The study had a control group of 16 neighborhoods which carried out the usual practices of home inspections, measuring the degree of mosquito infestation, and larviciding (applying chemicals to kill mosquitoes during the larval stage of growth).  In contrast, their intervention group did everything that the control group did, but added intense involvement by local activists.  “Formal and informal leaders” of the community worked with health professionals “to mobilize the population and change behavior,” such as covering water containers correctly, repairing broken water pipelines, and not removing larvicide.

Measuring the number of mosquitoes in the two groups revealed dramatic results.  The authors concluded that “Community based environmental management integrated in a routine dengue prevention and control program can reduce level of Aedes infestation by 50–75%.” [5]

Imagine

Rebecca told me that when medical students inspect the homes of Havana residents, they find that the overwhelming majority comply with pubic health policy.  But some do not.  A few cannot afford the proper lid for cisterns.  Some have mental problems that limit their ability to cooperate.  And a very few just don’t give a damn, even if they could be raising mosquitoes that infect their neighbors.  Cuban-style public health research is critical in identifying barriers that communities need to overcome if they are to protect themselves from disease.

Do you remember Katrina and the number of New Orleans residents who languished while the state and national governments did nothing meaningful?  Do you remember the photos of 1000 Cuban doctors in batas ready and waiting to come to New Orleans just like they went to Nicaragua, Honduras, Haiti, Venezuela, Sri Lanka, Pakistan and dozens of other countries hit by disasters?  Do you remember the government that would increase the suffering of its own people rather than accept help from Cuba?

It may be difficult, but imagine that, at the height of the Katrina disaster, the US closed medical schools in Gulf coast states and coordinated the work of attending to medical and public health needs of the poorest in New Orleans.  It may contradict your lifetime of experiences, but imagine that medical schools across the US sent their students to survey living conditions of poor black, brown, red, yellow and white Americans to determine what causes elevated mortality rates and then announced that no one would return to medical school until they were part of a national plan to resolve health care needs.

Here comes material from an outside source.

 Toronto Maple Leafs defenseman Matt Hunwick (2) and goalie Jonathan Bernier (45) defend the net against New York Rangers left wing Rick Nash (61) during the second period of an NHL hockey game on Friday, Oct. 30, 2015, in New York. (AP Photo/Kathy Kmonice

It may bend your mind to the border of hallucination, but imagine that health care professionals throughout the world demanded that people of the Global South be spared the mosquito infestations, rising waters, droughts, floods, species extinctions and all other manifestations of climate change brought on by the gluttonous overproduction of the 1% in the Global North.  Imagine new medical care based on help going to those who need help the most rather than obscene wealth going to those who invest in the sickness industry.

Imagine citizens welcoming health professionals to walk through their homes because they do not fear being reported to the police and because they have seen mobilization after mobilization improve their lives rather than ensnare them in empty promises.  Imagine a new society.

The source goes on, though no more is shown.